■ Recorded data ■
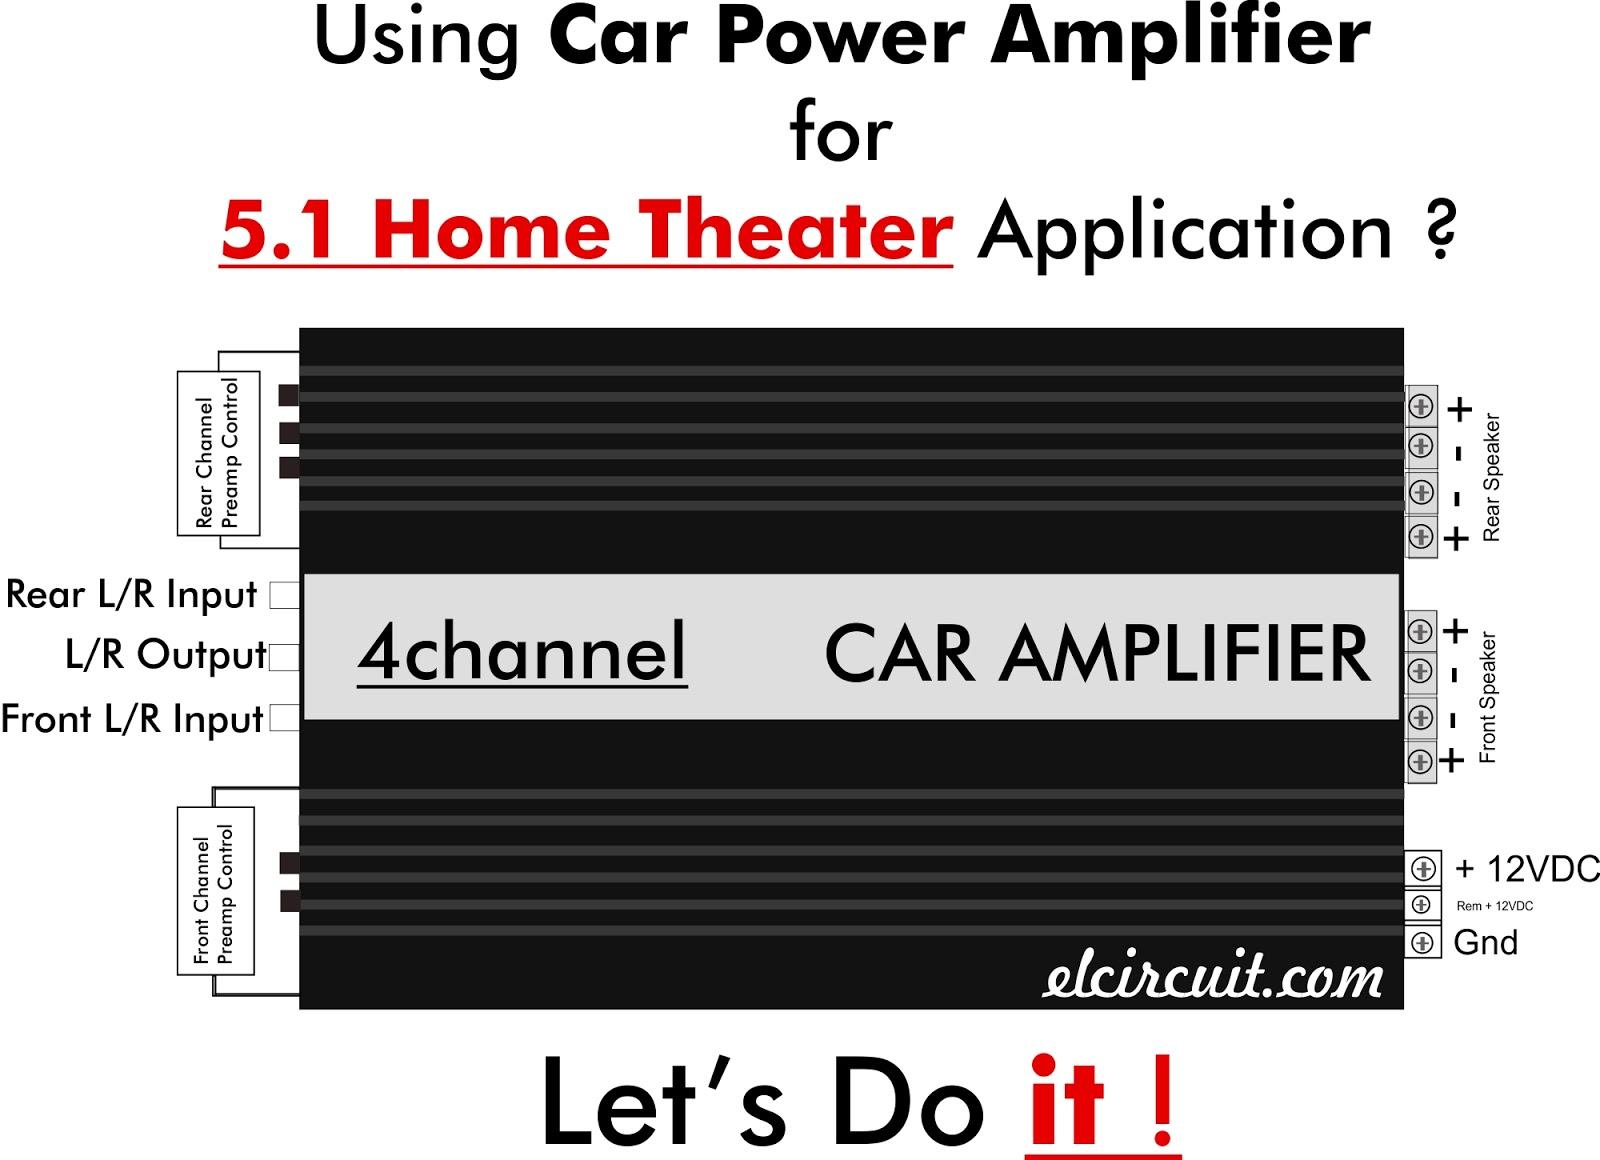 medium resolution of 5 1 home theater using car power amplifier
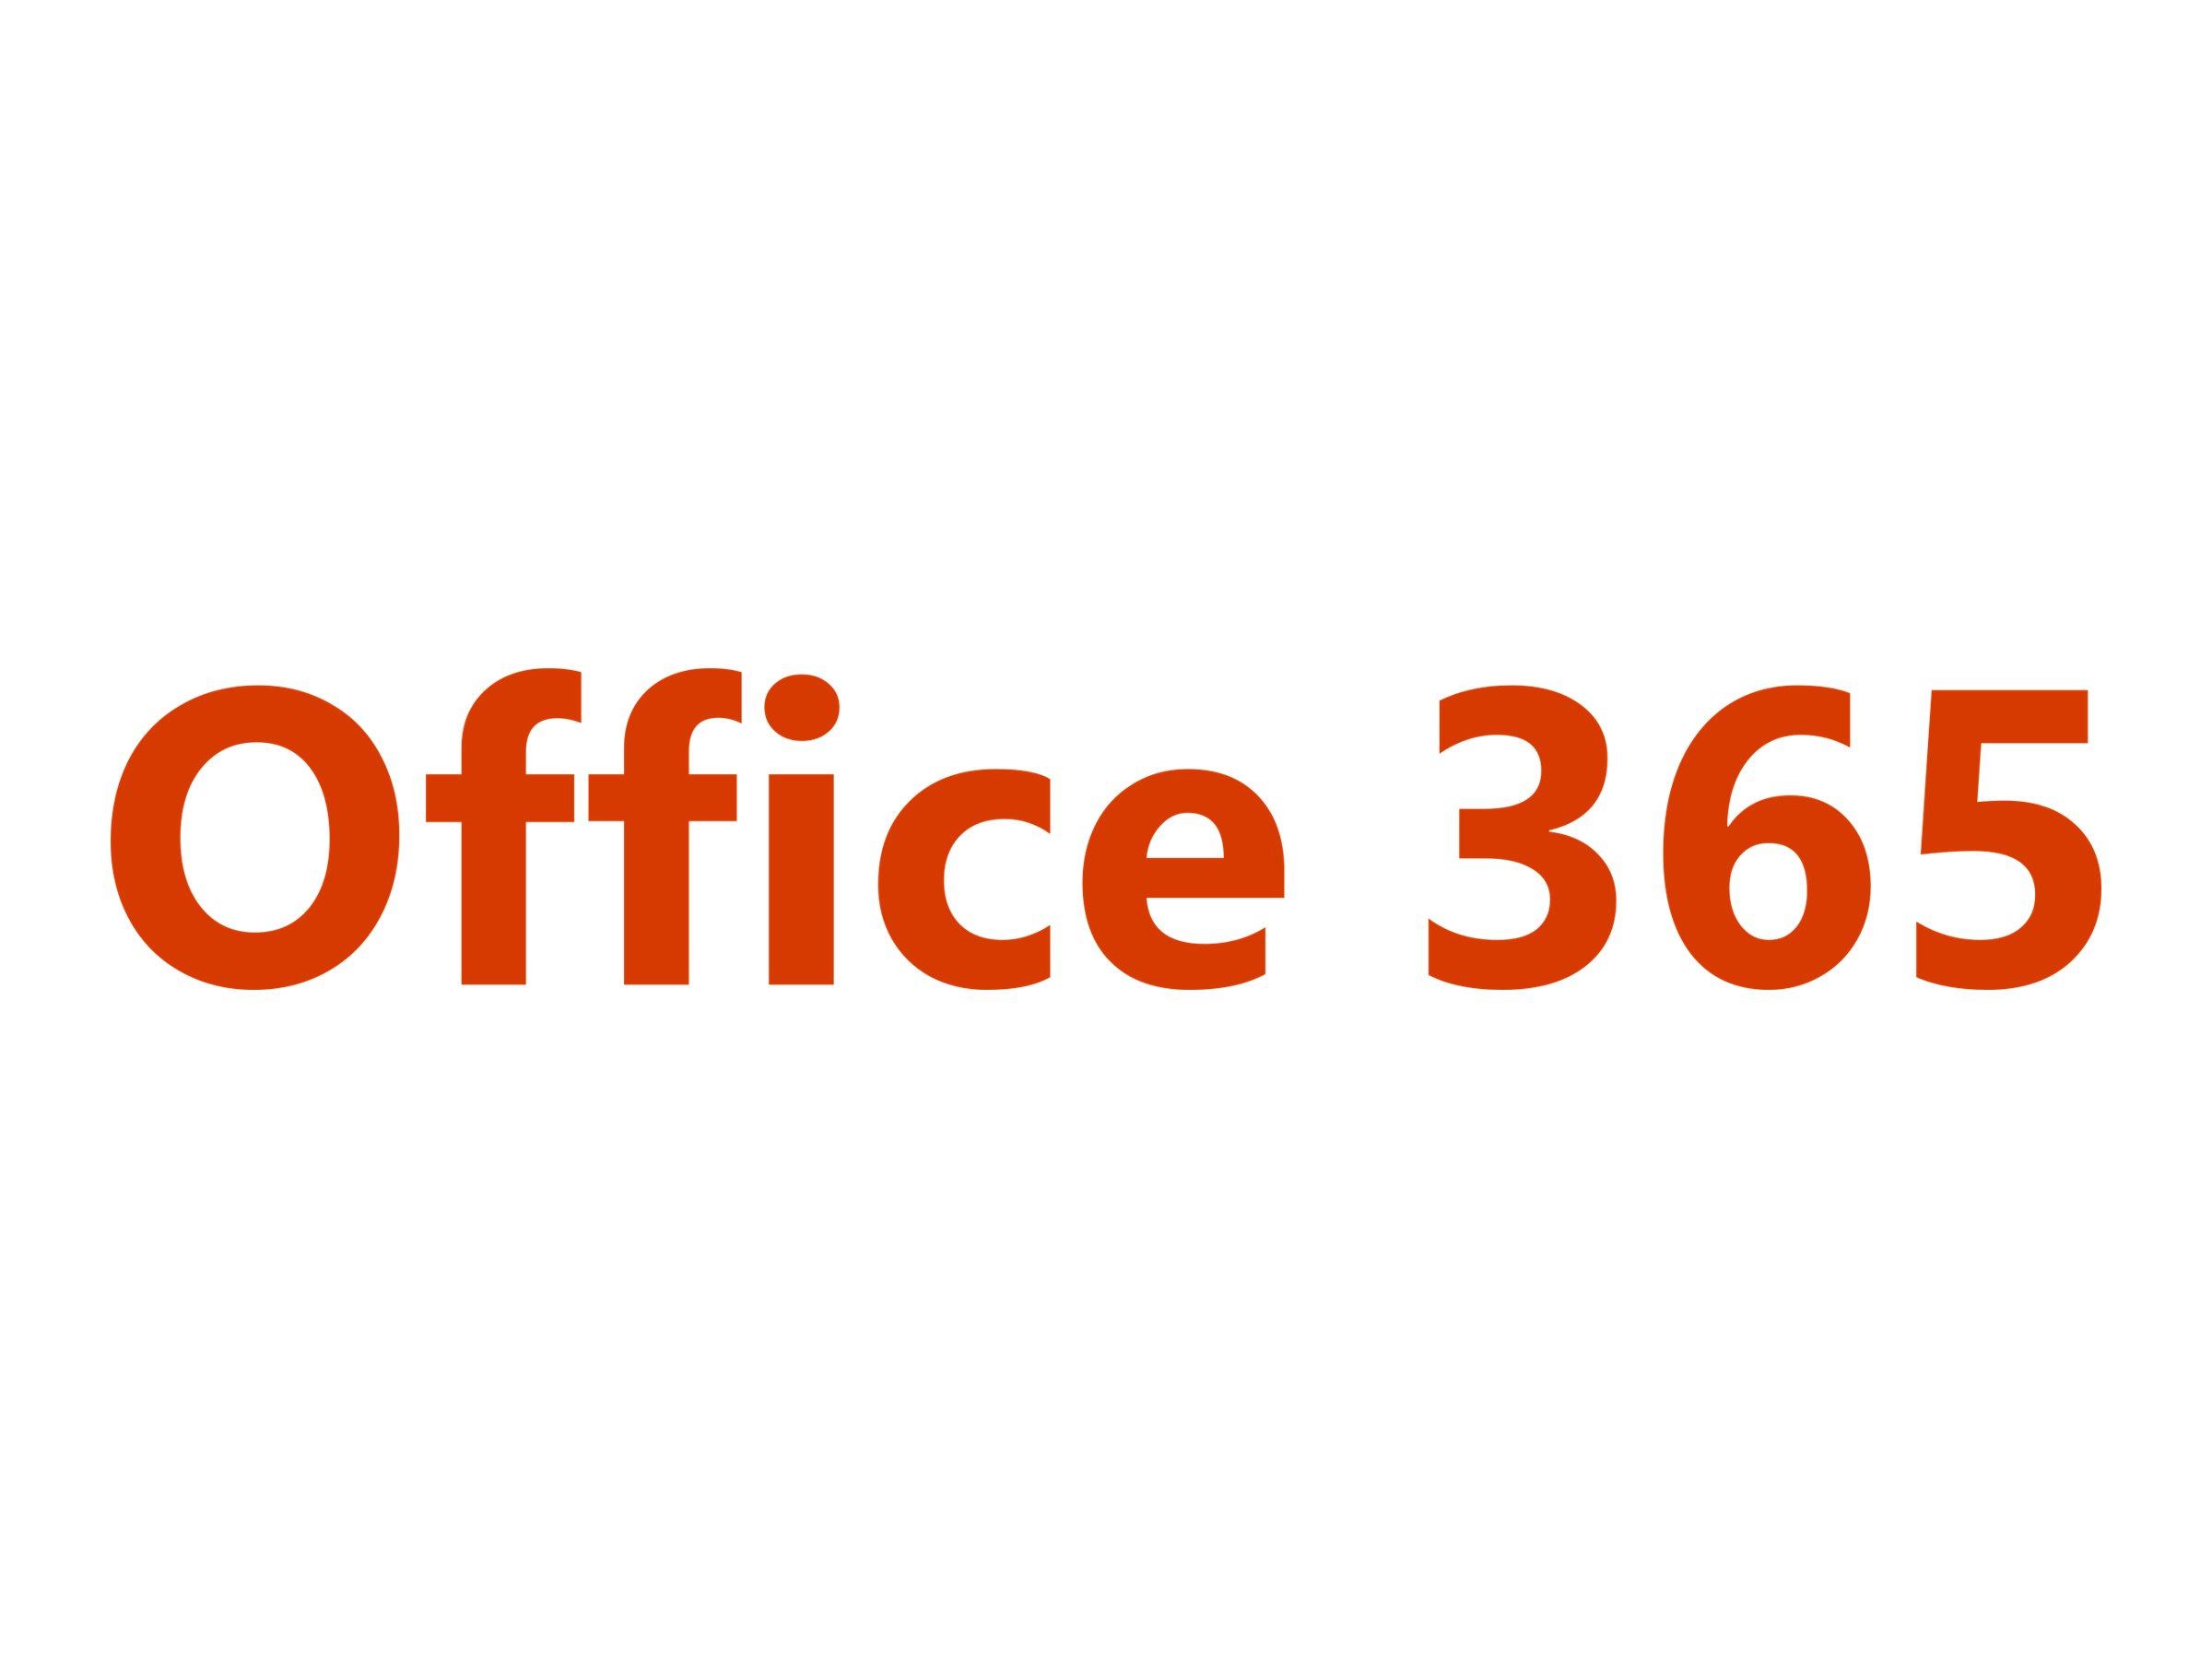 Microsoft Office 365 Extra File Storage Add-on - Abonnement-Lizenz (1 Monat)
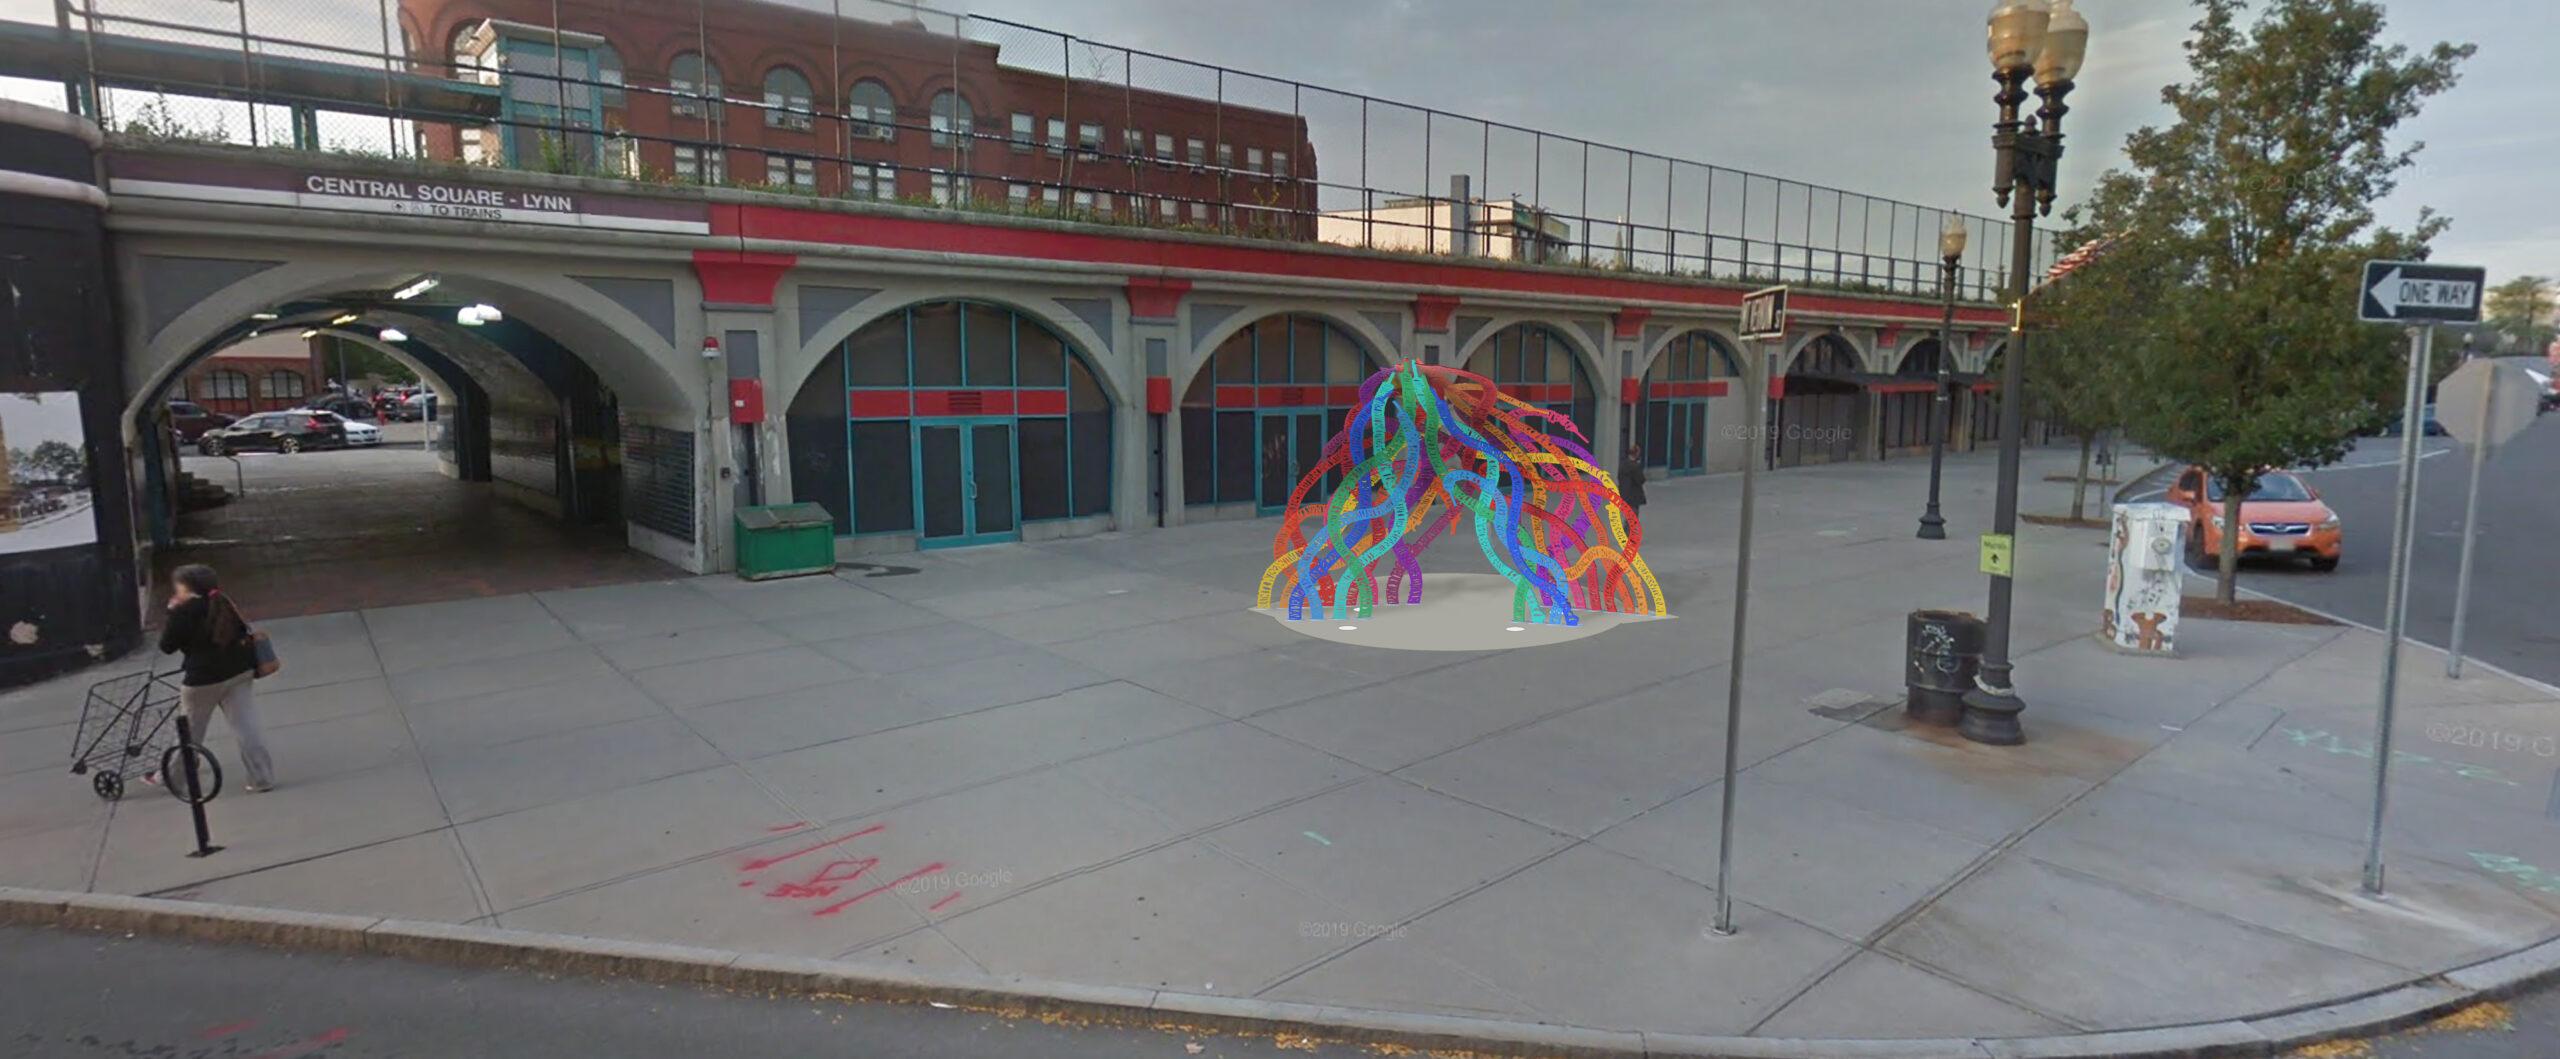 http://orloskystudio.com/wp-content/uploads/2021/10/in-plaza-1-scaled.jpg

■ What the exercise asks ■
Copy out the listing above in full and keep the pictures out.

■ Solution to this exercise ■
 medium resolution of 5 1 home theater using car power amplifier
 Microsoft Office 365 Extra File Storage Add-on - Abonnement-Lizenz (1 Monat)
 http://orloskystudio.com/wp-content/uploads/2021/10/in-plaza-1-scaled.jpg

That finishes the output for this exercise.